In a letter attached to Forehand’s medical records, Dr. Quevillon stated his belief that Forehand–his patient for the better part of three years–was disabled. The primary reason given by the ALJ for disregarding Dr. Quevillon’s opinion was that Dr. Quevillon made a disability conclusion, “which is reserved to the Commissioner.” (Tr. at 36.) The ALJ also found the letter to be inconsistent with the opinion of Dr. Hester, gleaned from his single examination, that Forehand was capable of work activities. Our review of the record leads us to conclude that the ALJ improperly discounted the opinion of Dr. Quevillon.

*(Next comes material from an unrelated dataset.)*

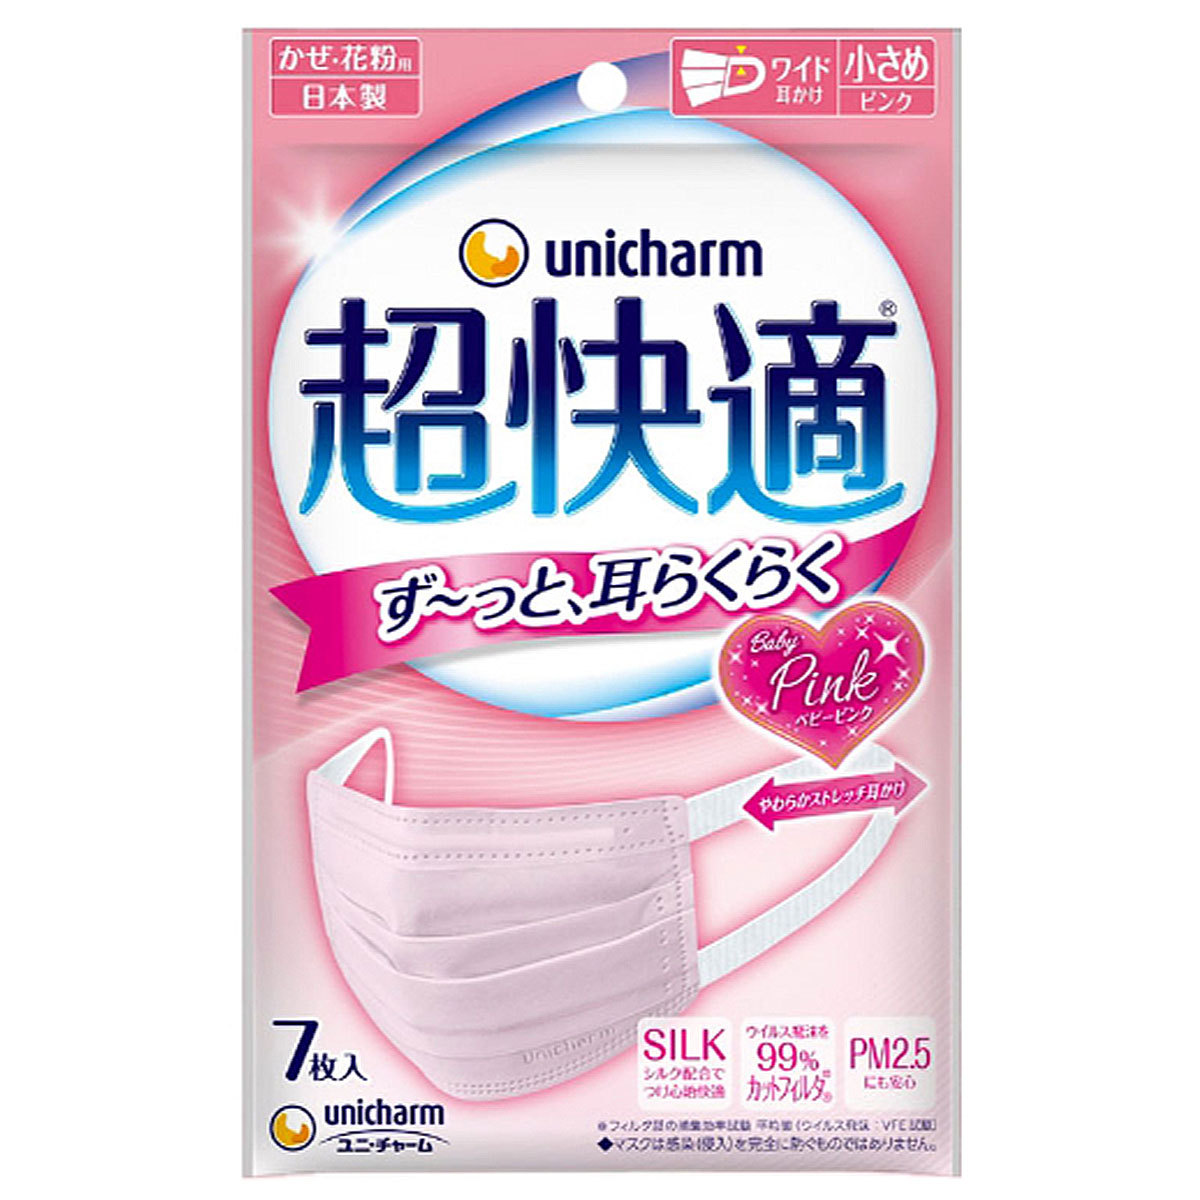 unicharm unicharm 超快適マスク 小さめサイズ ピンク 7枚入×1個 超快適マスク 衛生用品マスクの商品画像

“A treating physician’s opinion is generally entitled to substantial weight, although it is not conclusive and must be supported by medically acceptable clinical or diagnostic data.” Kelley v. Callahan, 133 F.3d 583, 589 (8th Cir. 1998). In Cox v. Barnhart, 345 F.3d 606, 608 (8th Cir. 2003), the ALJ rejected an opinion letter from the claimant’s treating physician, finding it conclusory and an invasion upon the province of the Commissioner’s decision-making authority. We noted that if the letter “were the only available record from [the treating physician], the ALJ would have been correct in giving it little weight due to its conclusory nature.” Id. at 609. As here, however, that was not the case: the letter was only part of a larger record that fully supported the opinion of the claimant’s treating doctor. Id. Just as the claimant in Cox had established a history of treatment for fibromyalgia supported by

-4- her medical record, so, too, has Forehand; beginning in the early 1990's, she saw a number of doctors complaining of symptoms consistent with her allegations of limitation.

In 1993, Dr. Jerry Nash treated Forehand for her complaints of pain and numbness. He suggested that she may be suffering from carpal tunnel syndrome, but was “concerned about other potential causes,” including fibromyalgia. (Tr. at 158.) Dr. Randy D.